*Given data*.
******

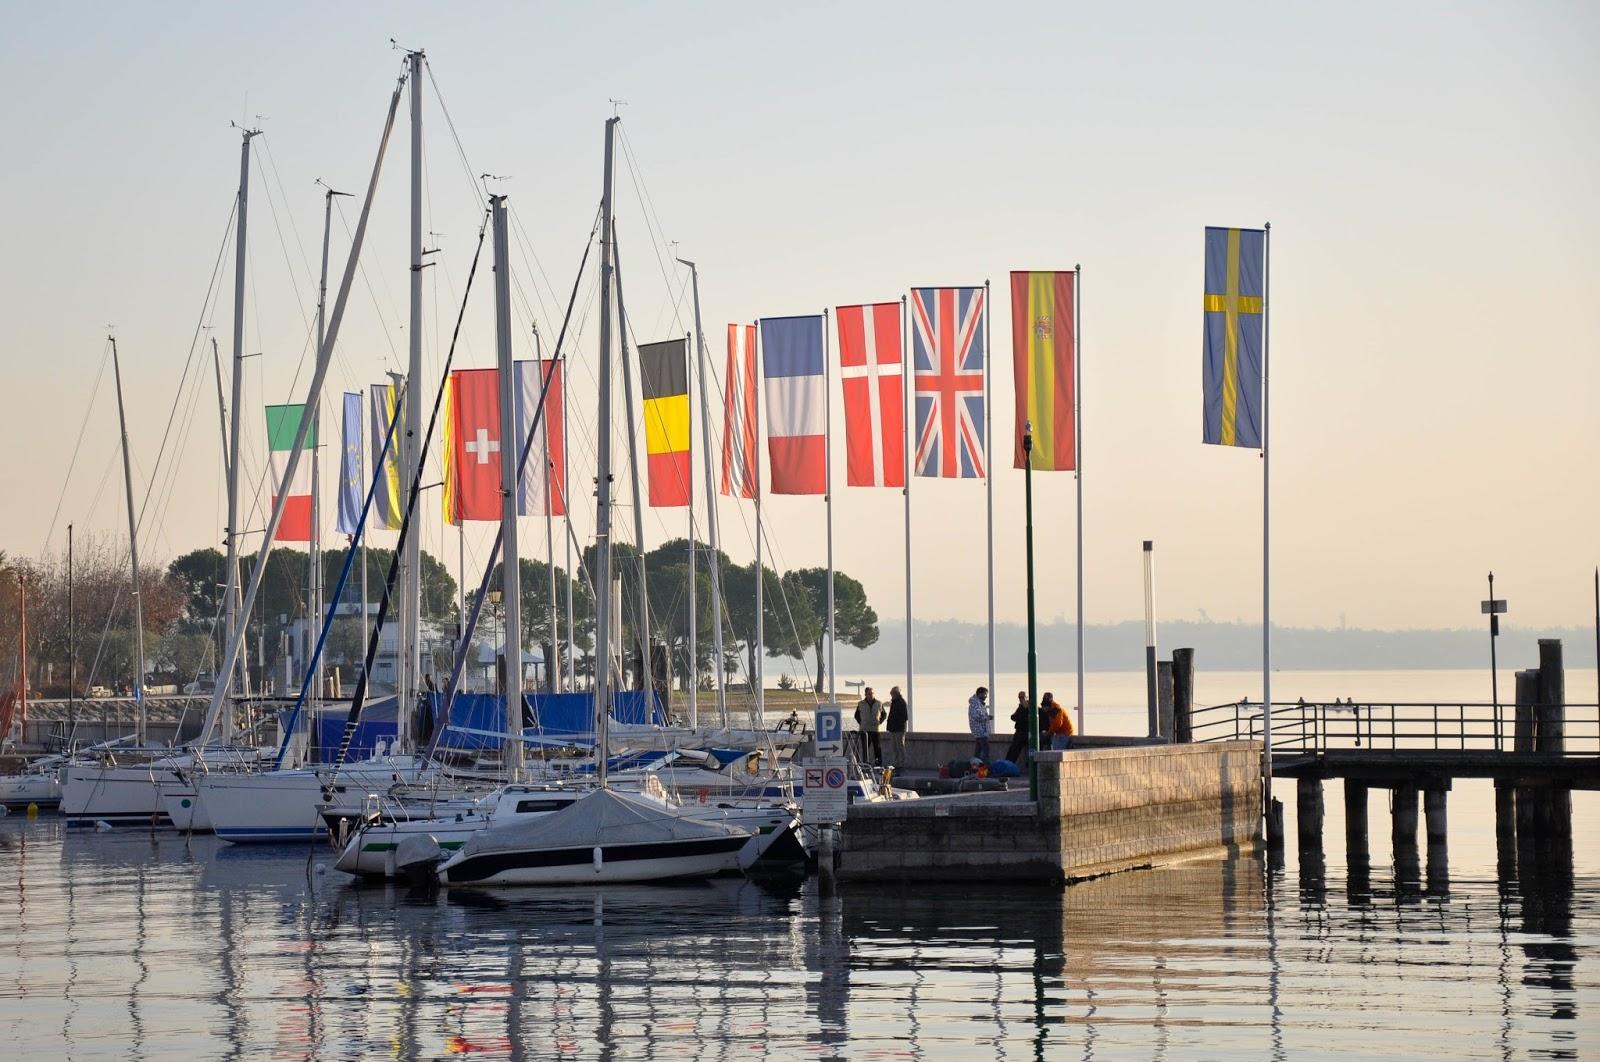 The wharf, Bardolino, Lake Garda, Italy
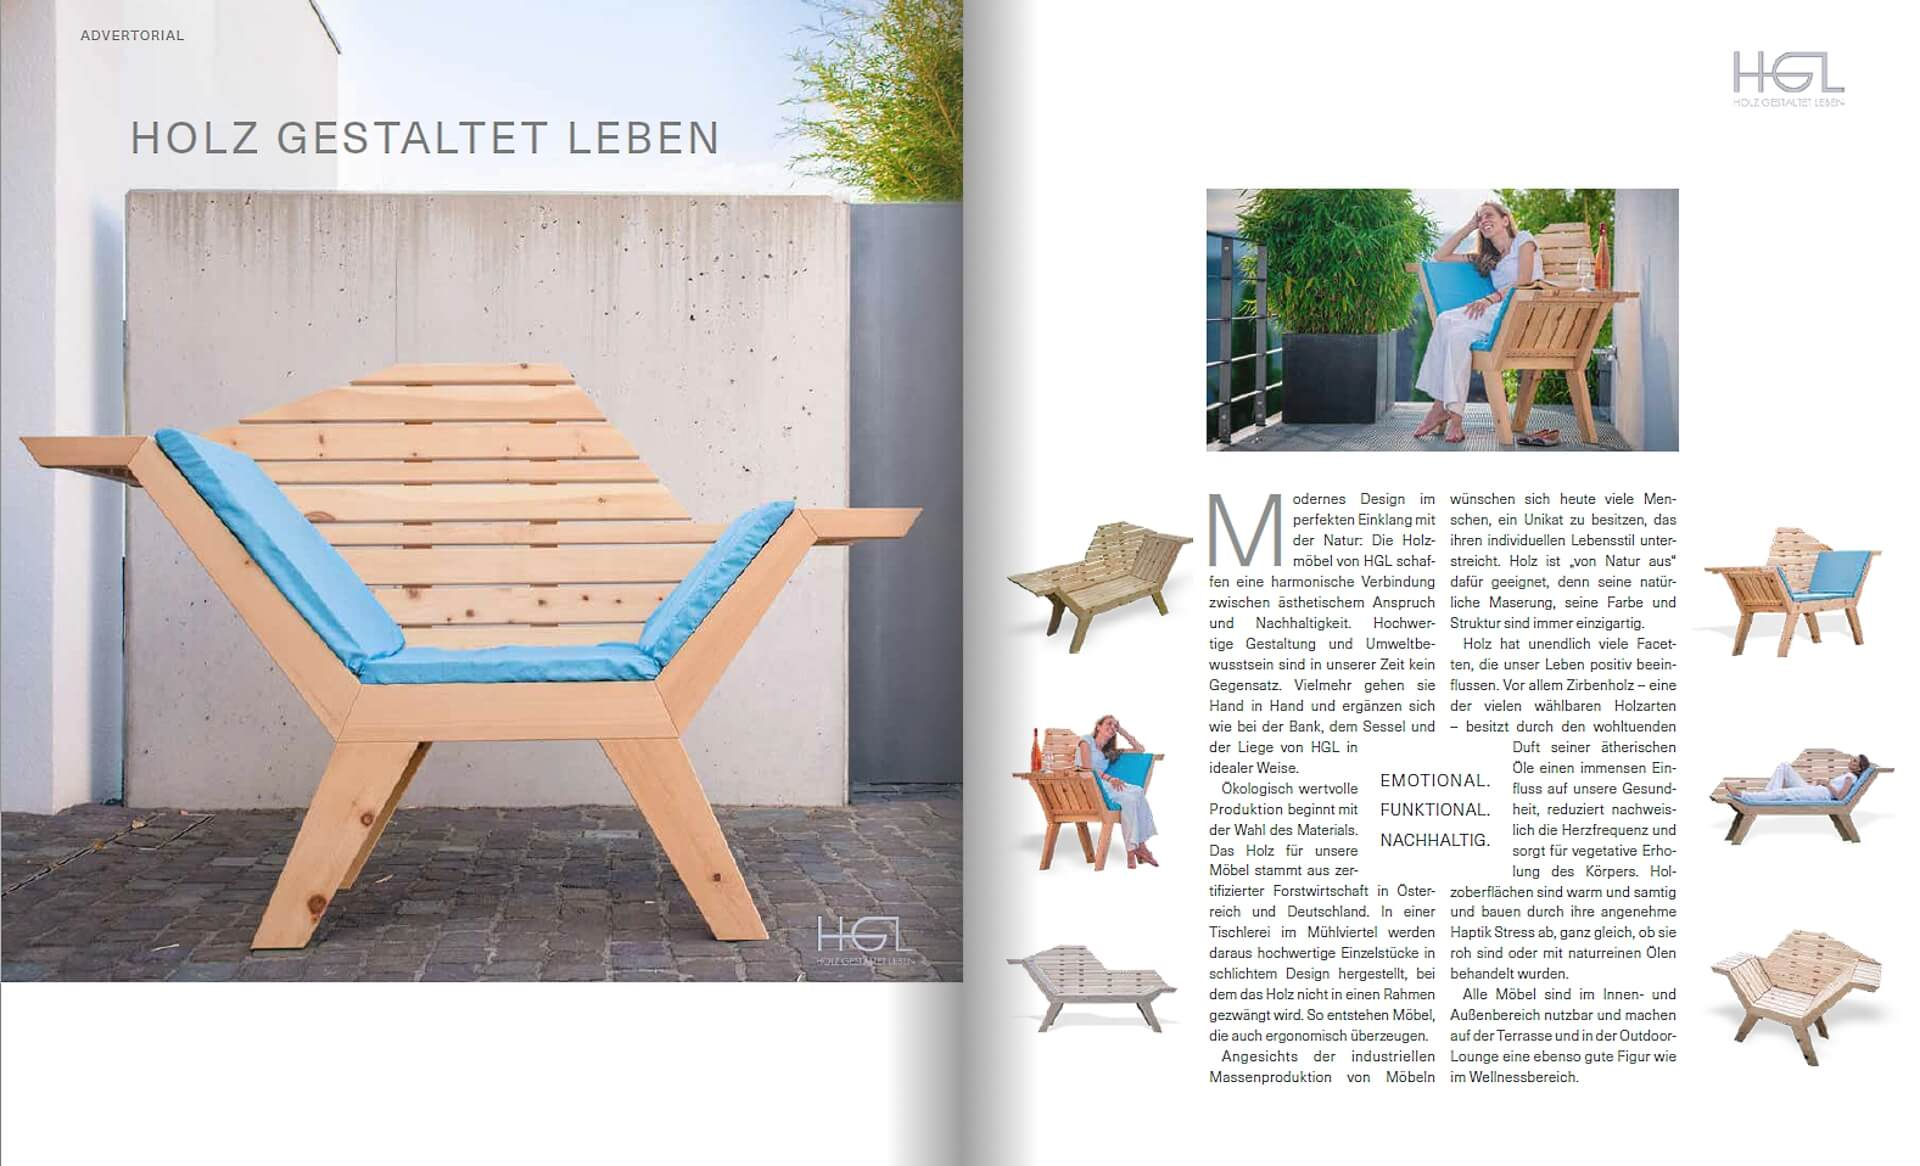 GARTENDESIGN INSPIRATION Ausgabe 3/2018: Holz Gestaltet Leben
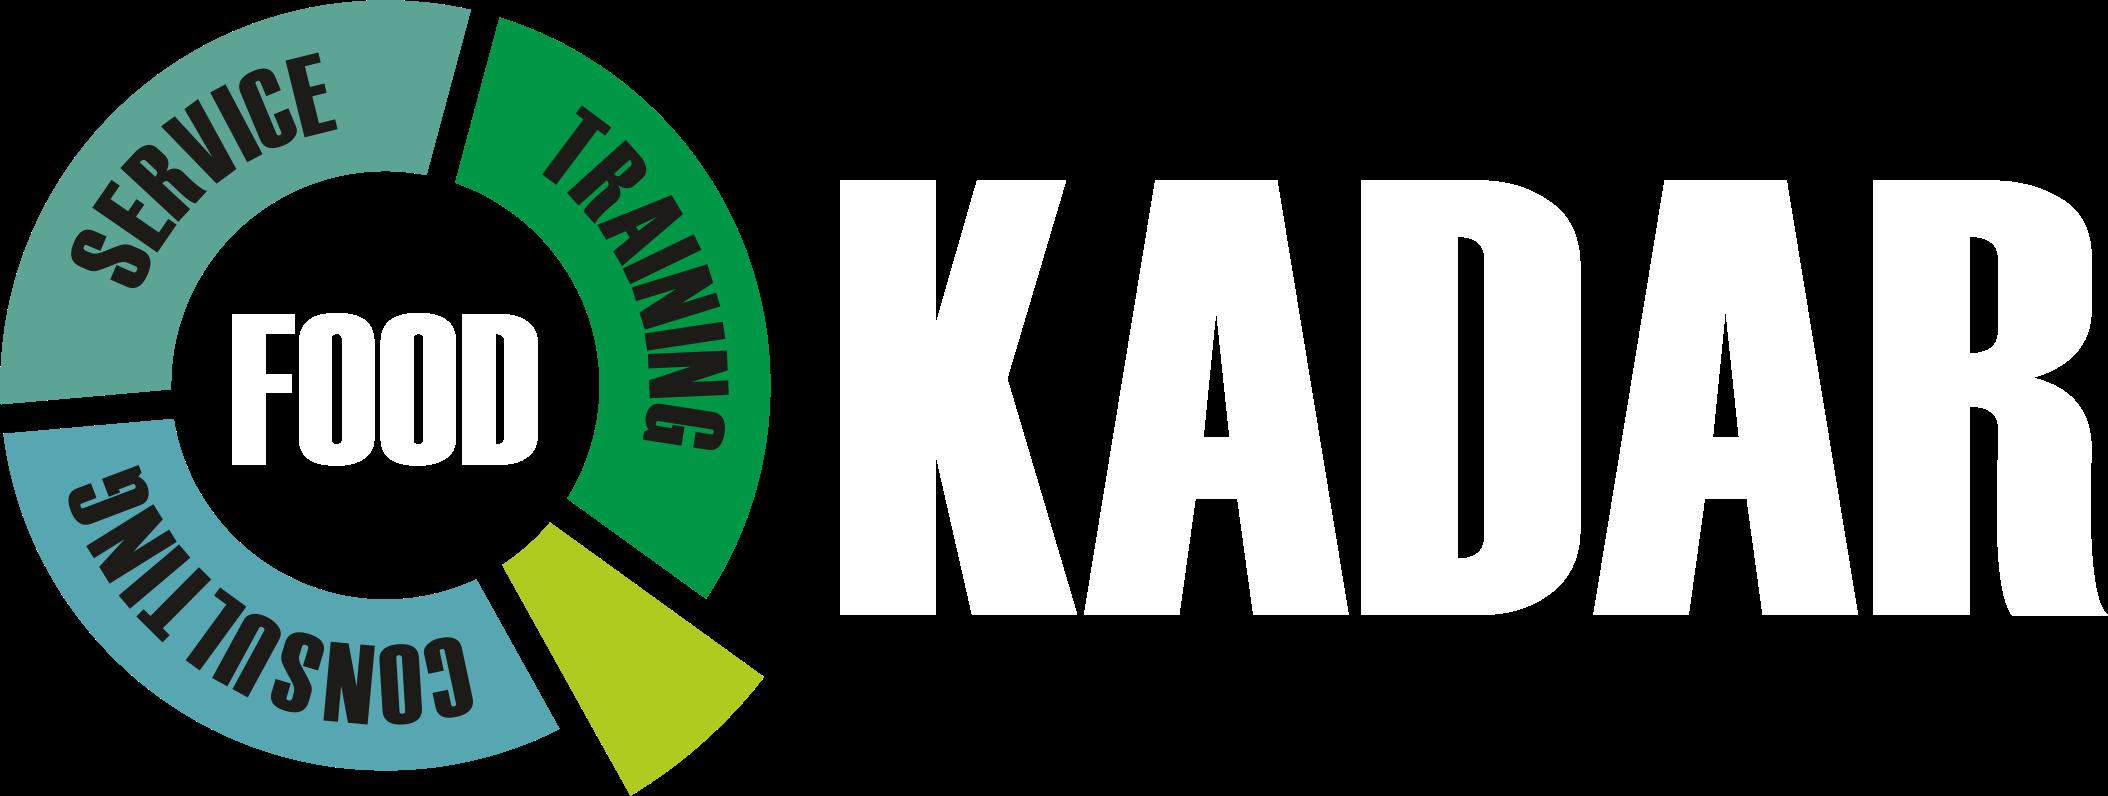 KADAR POLAND
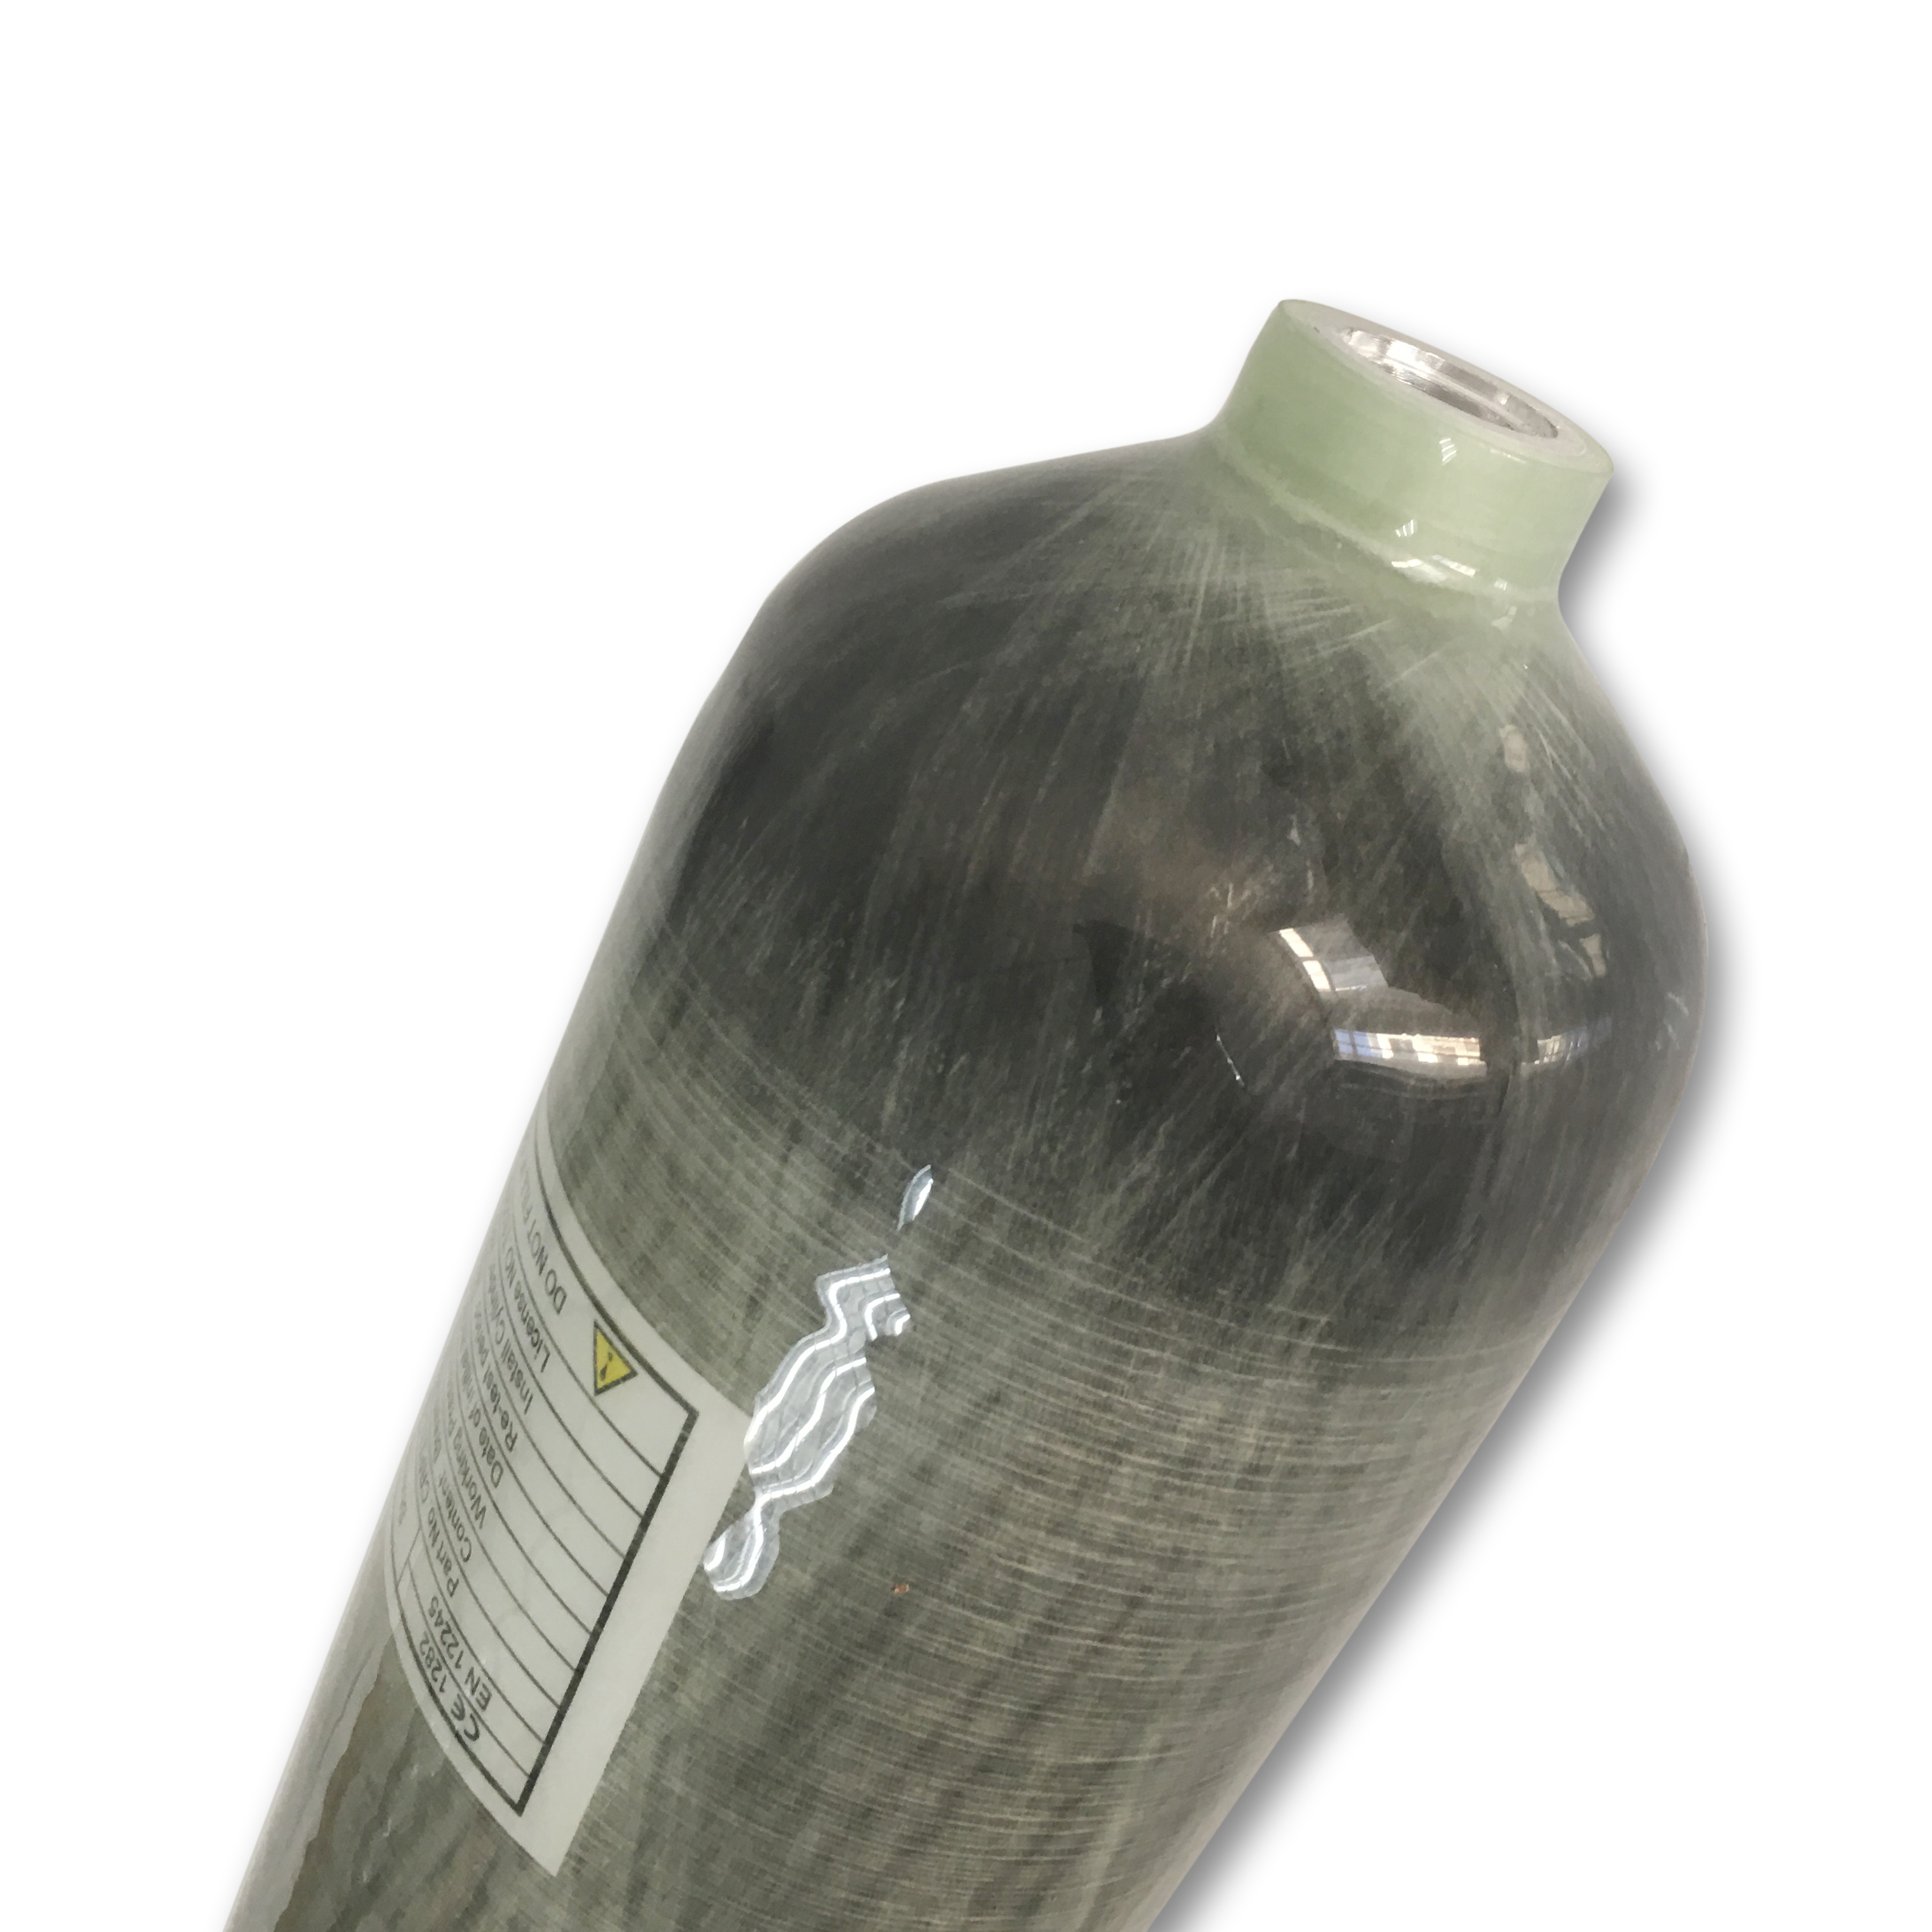 ACECARE 3L Carbon Tank/mini Scuba Tank HP 4500PSI Compressed Air Condor Pcp Composite Gas Cylinder Thread M18*1.5 EN12245 AC103

******

*Task*.
What is needed here is an exact transcript of the data above, pictures excluded.

*Completed exercise*.
 The wharf, Bardolino, Lake Garda, Italy
 GARTENDESIGN INSPIRATION Ausgabe 3/2018: Holz Gestaltet Leben
 KADAR POLAND
 ACECARE 3L Carbon Tank/mini Scuba Tank HP 4500PSI Compressed Air Condor Pcp Composite Gas Cylinder Thread M18*1.5 EN12245 AC103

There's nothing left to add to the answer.